INFORMATION SUPPLIED
━━━━━━━━━━

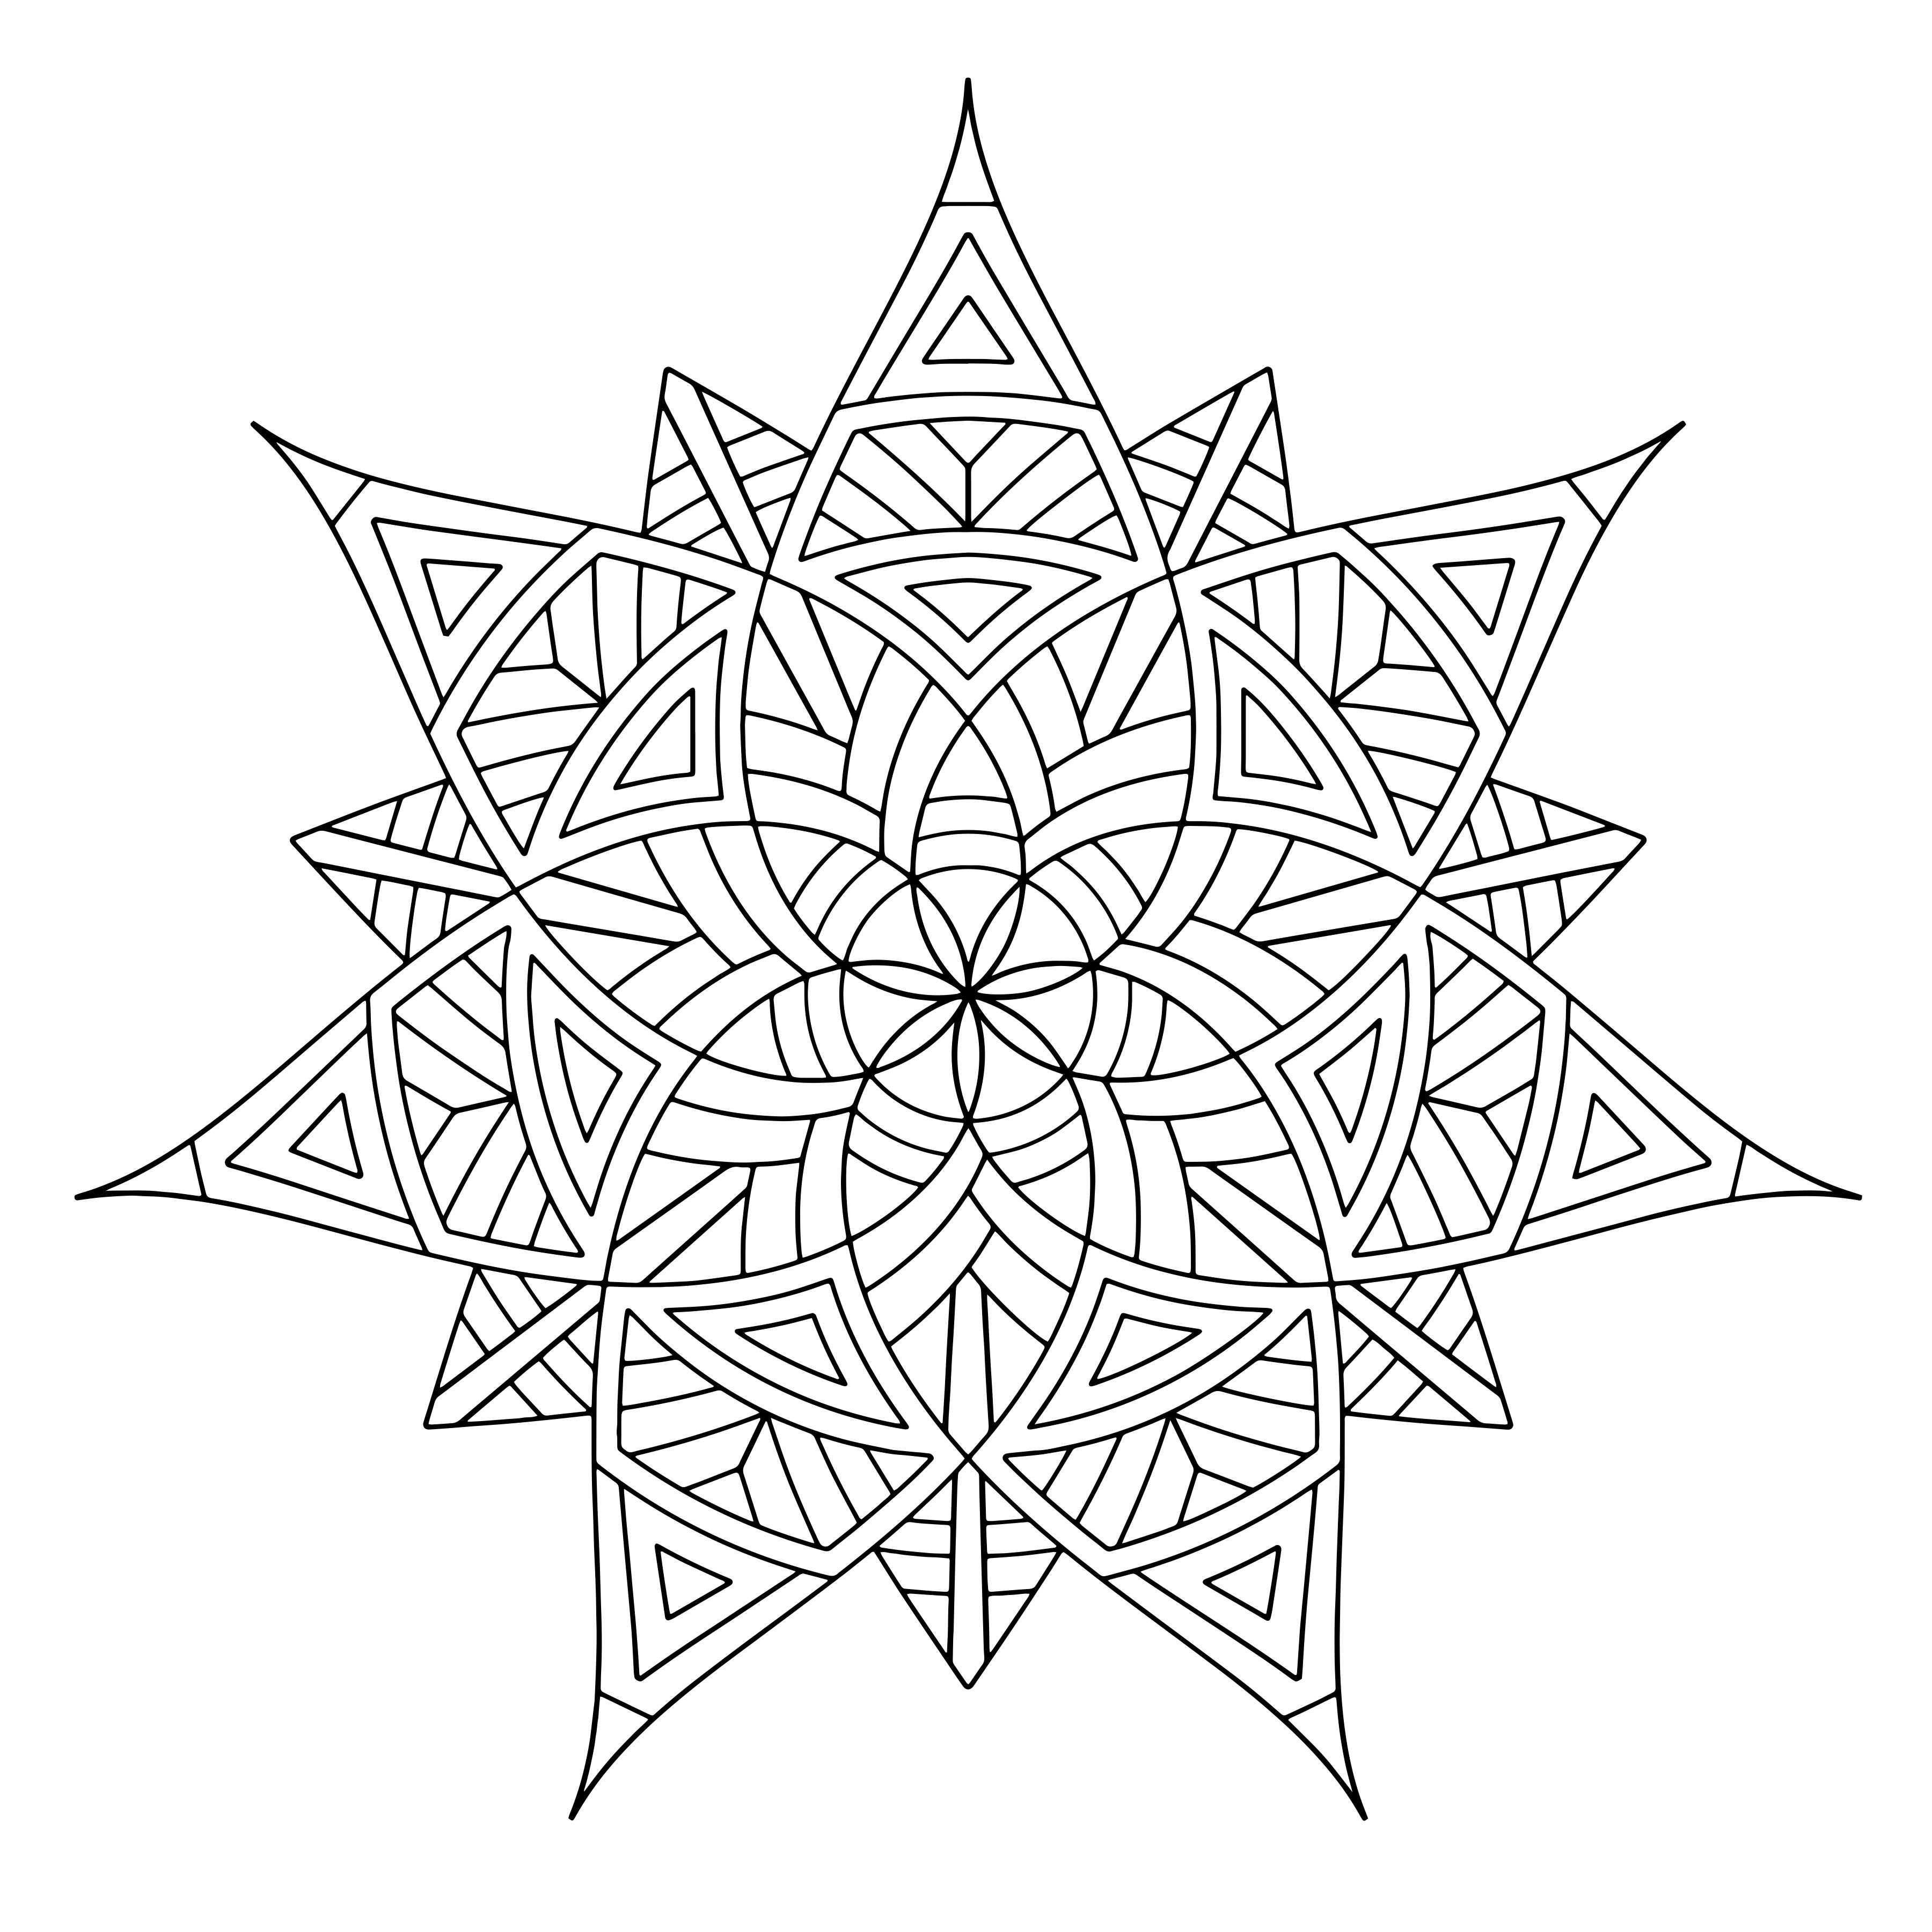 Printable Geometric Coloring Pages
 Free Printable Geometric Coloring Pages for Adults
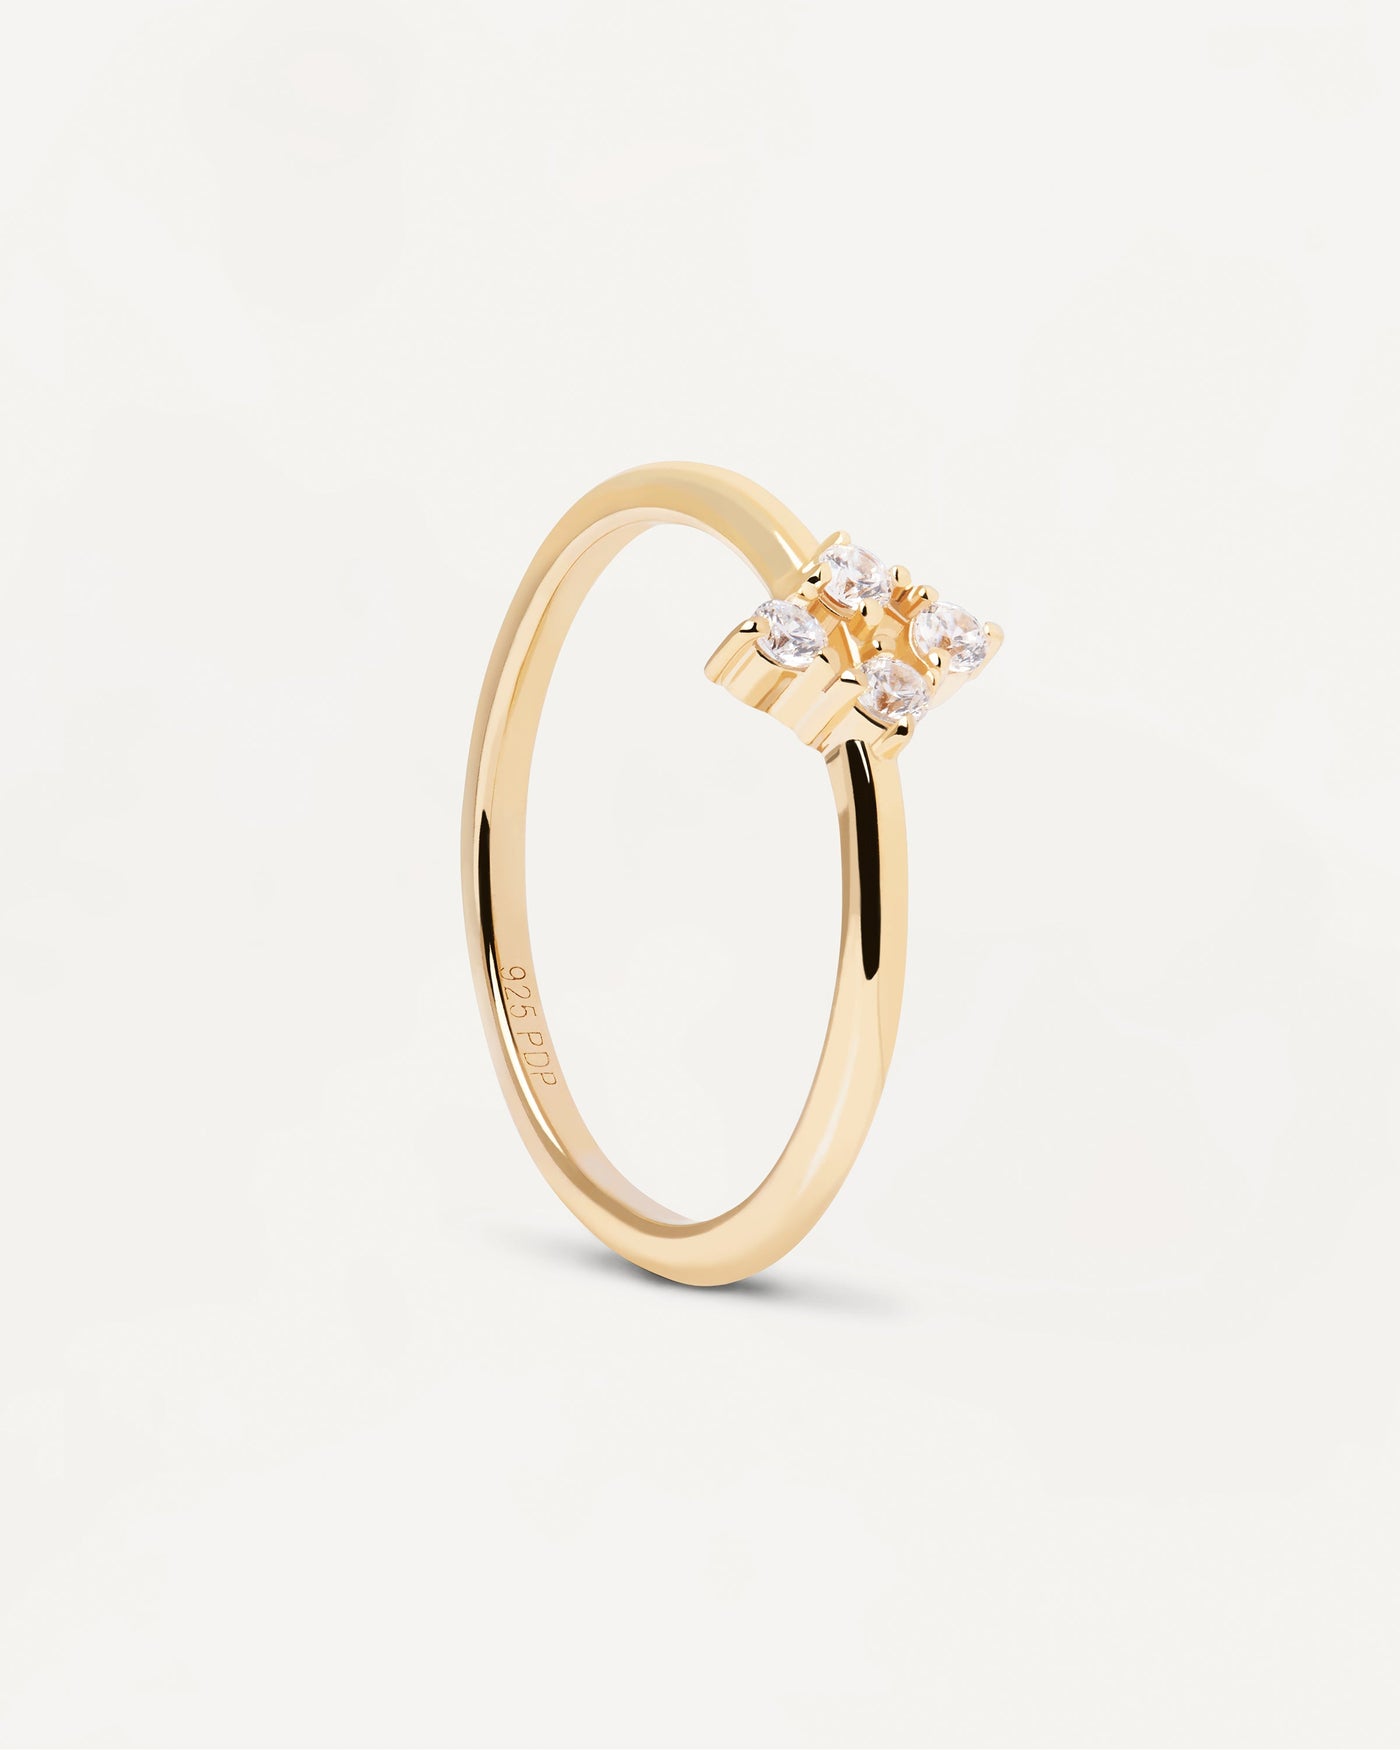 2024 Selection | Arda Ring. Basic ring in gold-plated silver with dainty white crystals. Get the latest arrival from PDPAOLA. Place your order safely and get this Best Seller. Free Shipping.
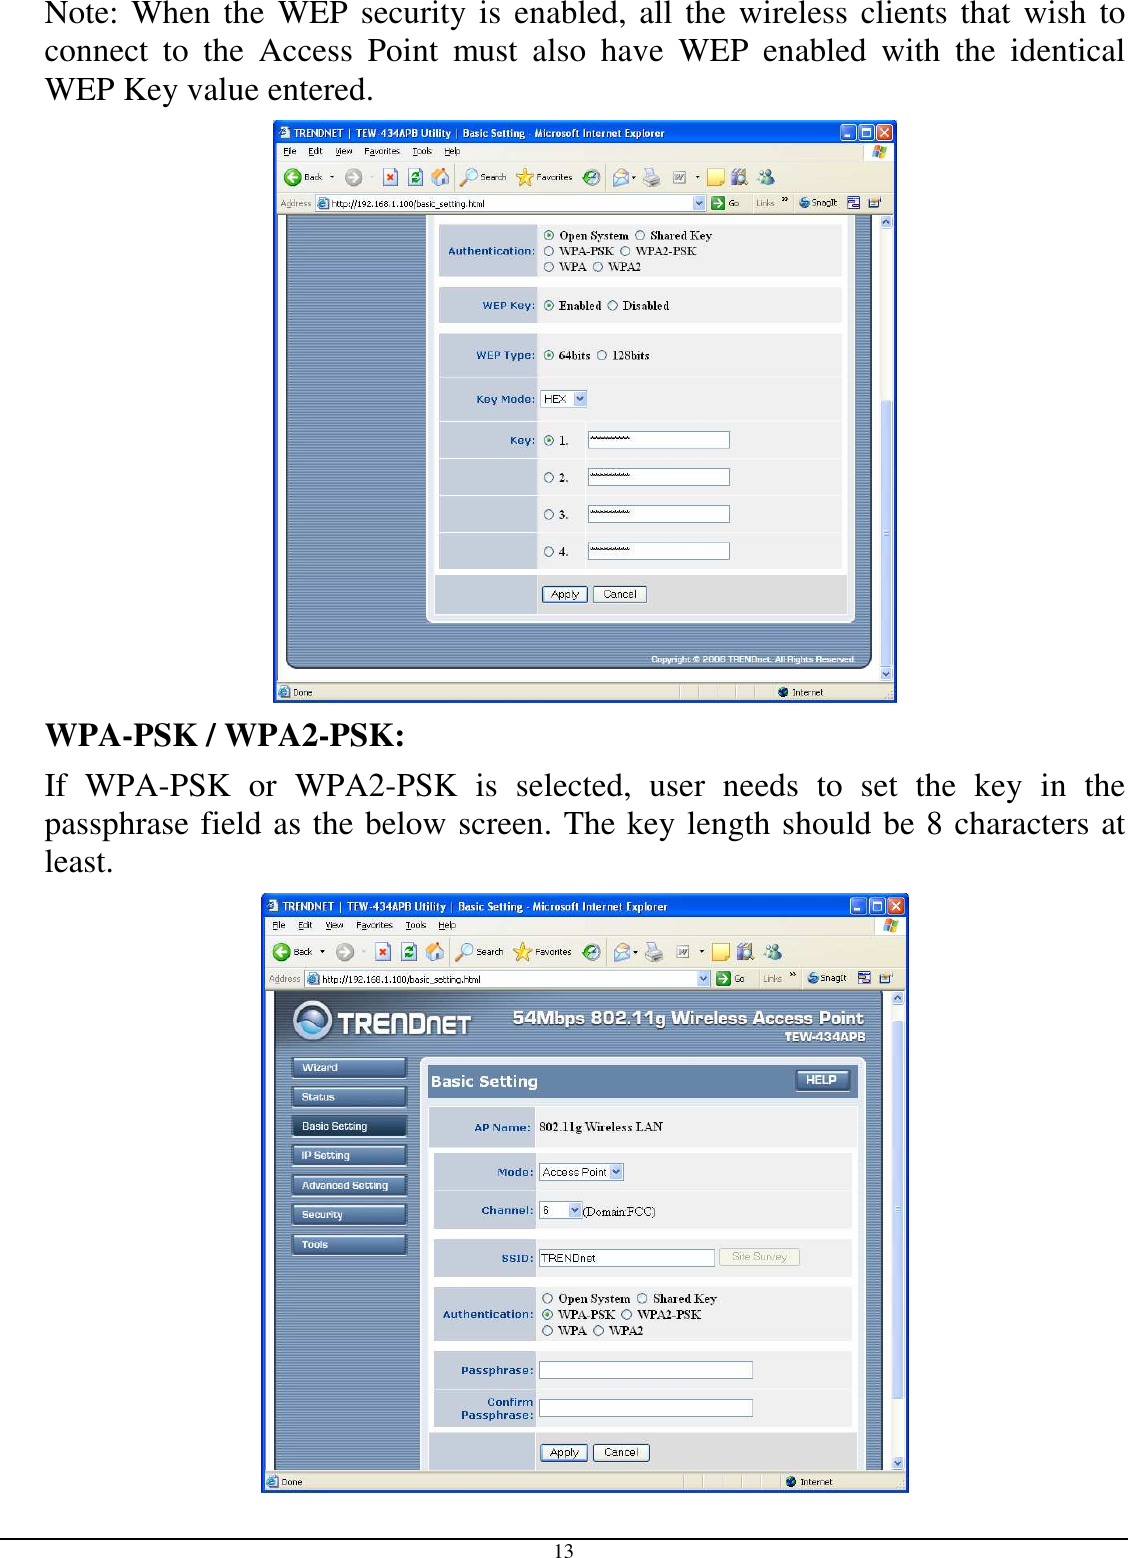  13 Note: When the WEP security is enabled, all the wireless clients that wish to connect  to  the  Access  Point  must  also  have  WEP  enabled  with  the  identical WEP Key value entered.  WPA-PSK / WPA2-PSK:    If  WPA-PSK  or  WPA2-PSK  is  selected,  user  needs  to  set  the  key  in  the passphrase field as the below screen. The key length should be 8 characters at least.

━━━━━━━━━━

EXERCISE PROMPT
In the data above, please extract the lines from the first one through the line with "2024 Selection |", exactly, and keep pictures out.

EXERCISE ANSWER
 Printable Geometric Coloring Pages
 Free Printable Geometric Coloring Pages for Adults
 2024 Selection | Arda Ring. Basic ring in gold-plated silver with dainty white crystals. Get the latest arrival from PDPAOLA. Place your order safely and get this Best Seller. Free Shipping.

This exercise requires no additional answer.